ST. HELENA, Calif. — Just south of town, in the middle of some of the most prized vineyards of the celebrated Napa Valley, there sits a very unusual and, for many here, a very unwelcome new winery.
This winery has no equipment to squeeze the must, or juice, from any sweet chardonnay grapes; it has no stainless steel fermenting tanks coaxing the must into wine, and no oak aging casks giving the wine complexity and character.
It is, in plain fact, a warehouse and tasting room designed to sell wines made somewhere else to tourists visiting "the wine country."
"It's like opening a damned liquor store in the middle of the vineyards," groused a more conventional vintner, aghast at the effrontery.
It is also forcing America's premiere wine-making region to deal with the unusually difficult task of legally defining what a winery is--and is not.
Widespread Effect
Such a law could affect not only small operators accused of violating agricultural preserve laws, but also major wineries that open restaurants, host concerts and hawk T-shirts and cork-pullers to promote their wines.
The debate over what makes a winery is serious stuff here. Many people fear that legions of new tourist-dependent "boutique" wineries are skewing the economy so that Napa's heavenly earth someday soon may be too pricey to farm.
At the same time, however, most residents are careful to avoid criticizing tourists, because tourists help some wineries stay afloat and help Napa Valley wines in general sell better--at higher prices--despite a wine glut.
"Tourism really is a double-edged sword," said Mel Varrelman, a St. Helena accountant and chairman of the county Board of Supervisors. "It is important to the industry, but it's something we would really rather do without."
Feels Misunderstood
Tony Peju, owner of the controversial Peju Province Winery, believes he is misunderstood. He said he started his tasting-room-only operation because the task of obtaining permits for a real winery has taken longer than expected.
"We don't want to do anything that somebody else doesn't do," he said.

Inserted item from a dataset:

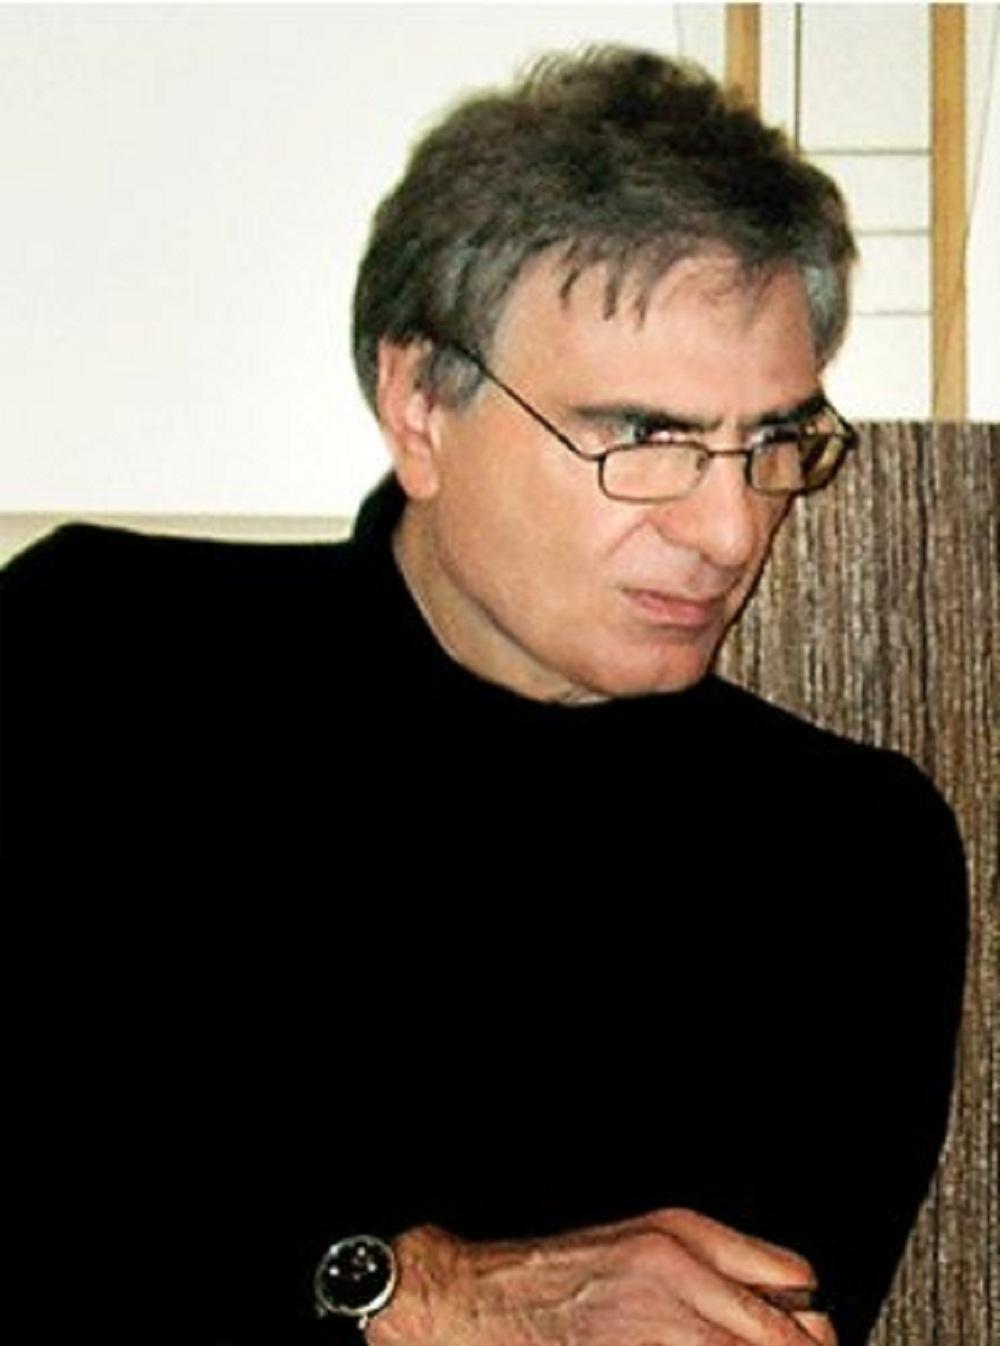 معمار ایرانی فرهاد احمدی (پاورپوینت)

Besides, he claims, his business--where he sells wines "custom crushed" at another winery--could actually meet the county's current, loosely written legal definition of a winery. County officials disagree.

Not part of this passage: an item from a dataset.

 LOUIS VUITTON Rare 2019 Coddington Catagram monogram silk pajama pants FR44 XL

In any case, people do agree that the Napa Valley draws more tourists each year and that small wineries are relying more and more on them, either to establish reputations, improve cash flow or simply empty warehouses.
This, in turn, has caused some second- and third-generation wine makers and growers to resent their well-to-do new neighbors who open wineries and attract the often bothersome tourists. Old-timers also fear that their descendants will be priced out of the local real estate market.

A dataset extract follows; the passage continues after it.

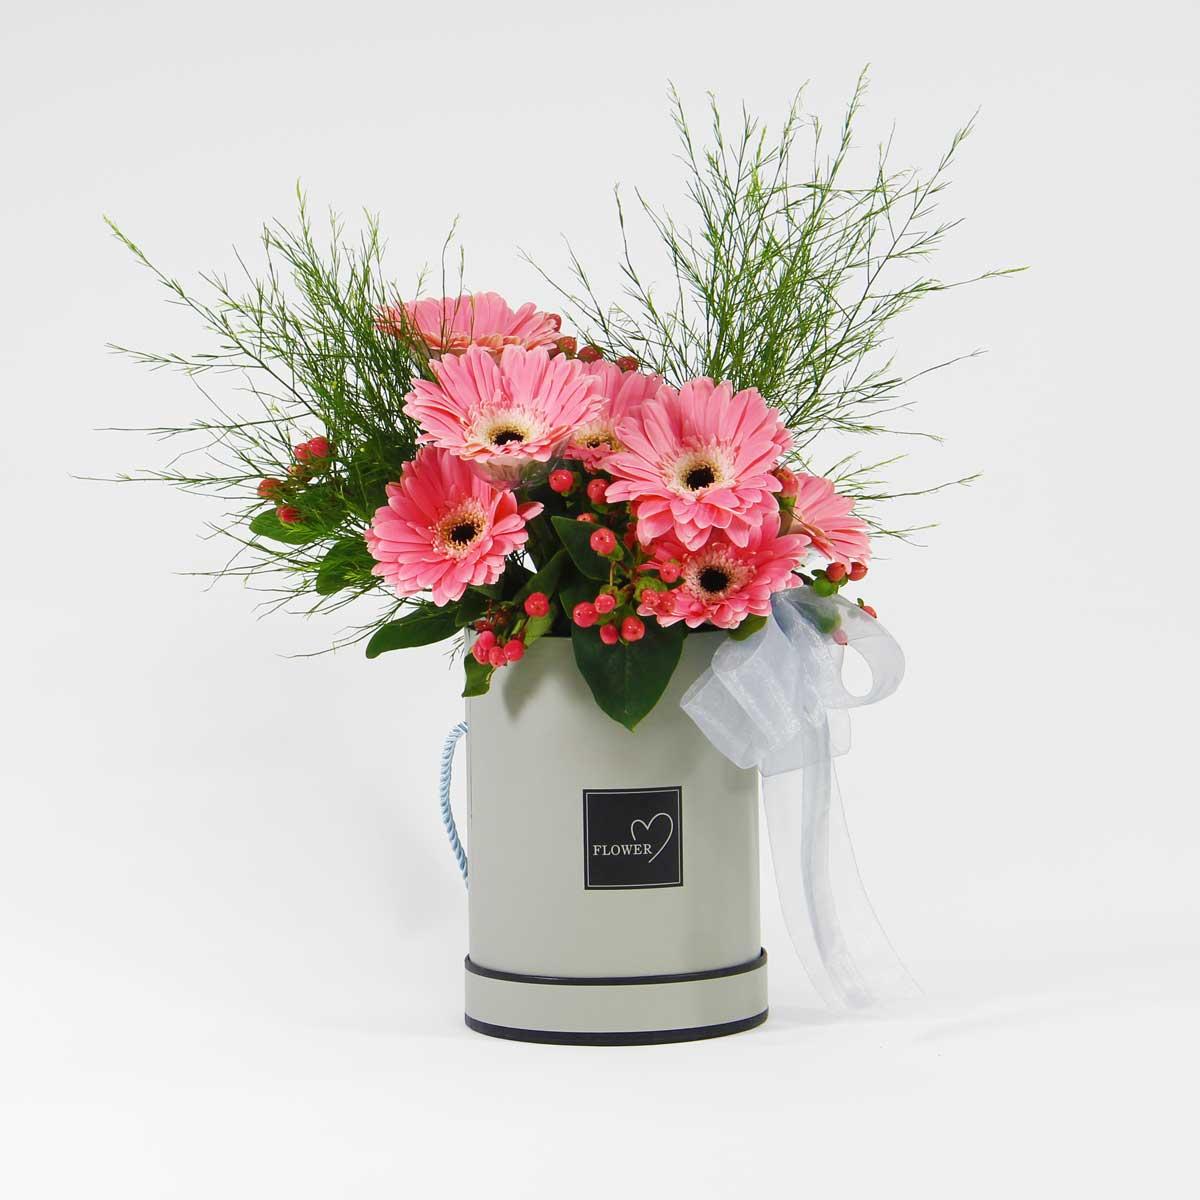 Daisies Flower Box | Eska Creative Gifting

Despite this, small wineries say they cannot afford to change.
"I think selling direct is the only way for a small winery to make it," said Daryl Sattui, owner of V. Sattui Winery and one of the most successful small vintners in the valley.
His new cut-stone winery with its adjacent delicatessen and picnic grounds is seen by other wine makers as both a marketing masterstroke and a bad example that too many other small wineries are scrambling to copy.
Napa County now has about 200 wineries, most of them small and most of them lacking the necessary county permit for public tastings. Those without permits can hold tastings only by appointment or invitation, and most do.
"When we sell a bottle of wine (at the winery) for $10, we get just about 10 bucks, not the $5 we get from wholesale distributors--and we don't have to wait 60 to 90 days to get it," Sattui said.
Sattui sells all of his wine at his winery, which is unprecedented. Most of the other small wineries instead use retail sales to help even out their cash flow between their annual fall releases, or sales, to their distributors.
"During slow periods, sales at the winery help you to meet daily sorts of things, like payroll and PG&E (utilities)," said David Spalding of Stonegate Winery. "It's important. It can even be a matter of survival at times."
It is also important to major wineries, though not a matter of survival.
Big wineries rely on visitors to expand the wine market in general--and their own share of that market in particular. Retail sales are often seen as simply a way to cover the cost of running the tours and pouring free wine.
"There is no better place to educate--and convert--than right here, with everything at our fingertips," said Gwendolyn Rogers, visitors center director at Domaine Chandon, the elegant French-owned champagne cellar.
"Our ultimate goal, of course, is to create repeat customers out of the visitors."
Paul Wagner of the Christian Brothers said 500,000 people a year used to tour the landmark Greystone winery before it closed for structural repairs. "Ford Motor Co. could spend millions to address 500,000 people on TV for a minute; we had them here for an hour for nothing," he said.